The federal government, under the U.S. Department of Housing and Urban Development, had filed its own complaint against Facebook for violating the Fair Housing Act, which prohibits businesses from which prohibits the sale or rental of housing based on such factors as race or religion.
The company also was accused of allowing employers to discriminate against women by targeting job listings toward men only, specifically in traditionally male-dominated fields.
The complaints followed a 2016 report by ProPublica that found Facebook allowed advertisers to exclude anyone with an “affinity” for African-American, Asian-American or Hispanic people.
The 1968 Fair Housing Act of 1968 says its illegal "to make, print, or publish, or cause to be made, printed, or published any notice, statement, or advertisement, with respect to the sale or rental of a dwelling that indicates any preference, limitation, or discrimination based on race, color, religion, sex, handicap, familial status, or national origin.”
Facebook said in a blog post Tuesday by Sheryl Sandberg, the company's chief operating officer, that it already prohibited certain categories from being used in advertising such as race, ethnicity, sexual orientation and religion. The company said it removed the option for landlords, employers and creditors to reach people with an "affinity for African-American or Hispanic-related content" about a year ago.
Under the new rules, a company looking to run housing, employment or credit ads also won’t be able to target Facebook members based on age, gender or zip code.
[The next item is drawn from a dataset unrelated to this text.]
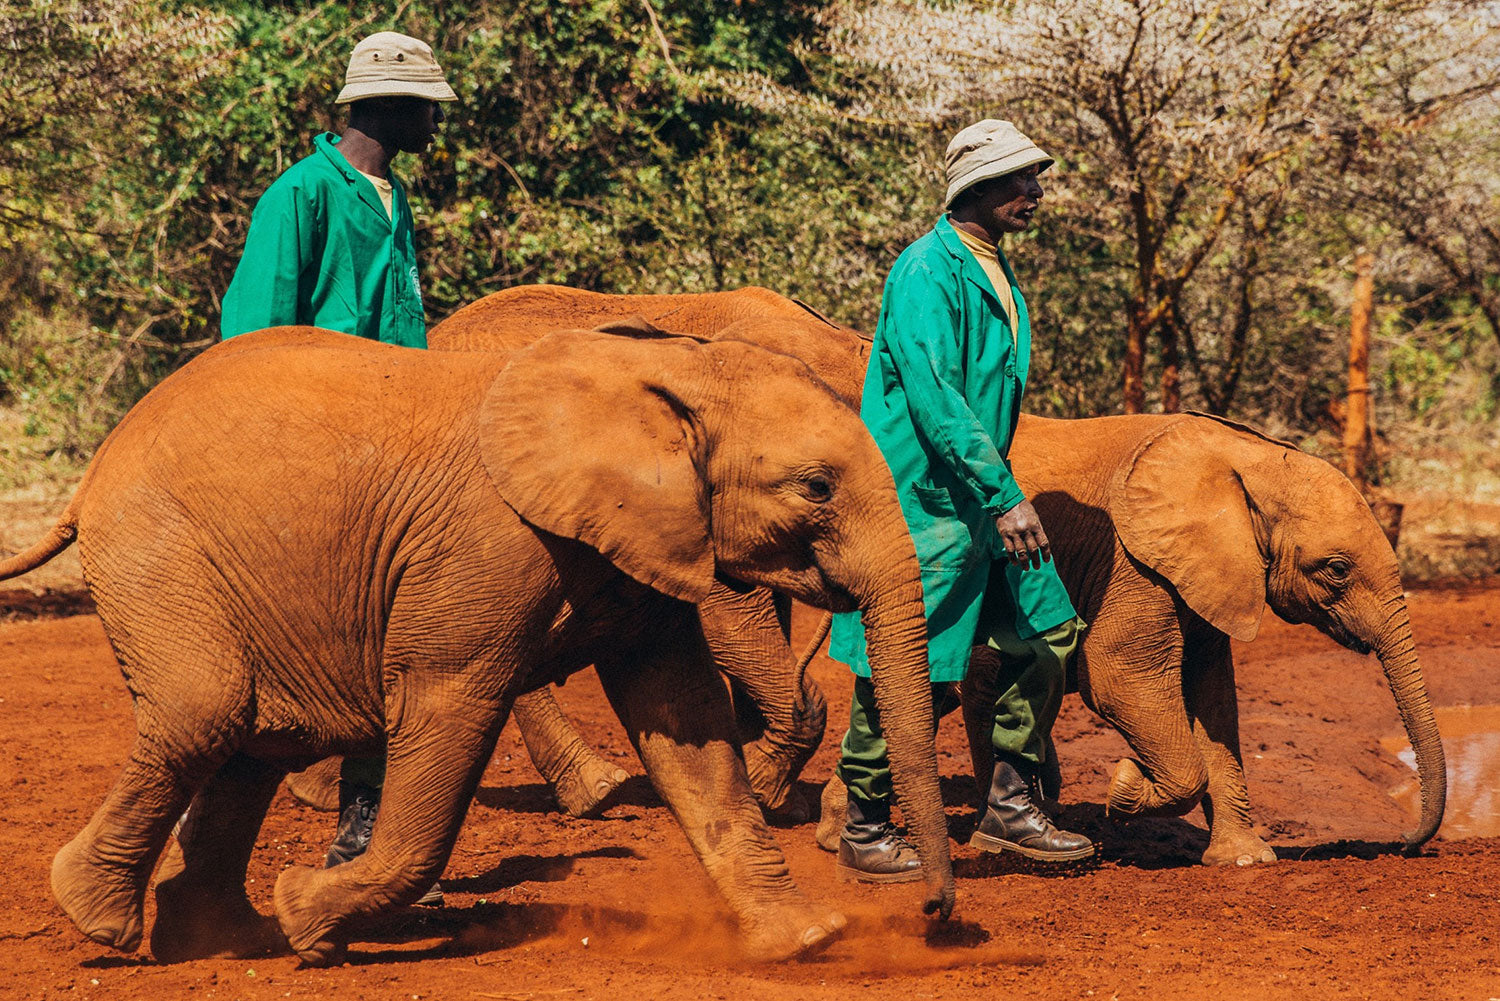 Relief organisation for elephants in need

And, Facebook said it was also building a tool that would let people search for all housing ads in the U.S. regardless of whether the ads are shown.
“Housing, employment and credit ads are crucial to helping people buy new homes, start great careers, and gain access to credit,” Facebook COO Sheryl Sandberg wrote in the company’s online post. “They should never be used to exclude or harm people.”
A joint statement by the advocacy groups, including the National Fair Housing Alliance, said in a statement that the agreement represented a "significant and historic precedent for big data and tech companies" because it makes clear the information they collect can't be used to discriminate.
"Companies must understand that depending on how data is being used, it can harm people and communities," said Fred Freiberg, director of the Fair Housing Justice Center of New York. "This agreement will help other companies that rely on algorithms and data for a range of services and operations to carefully consider whether their policies, products, and platforms are illegally discriminating against consumers."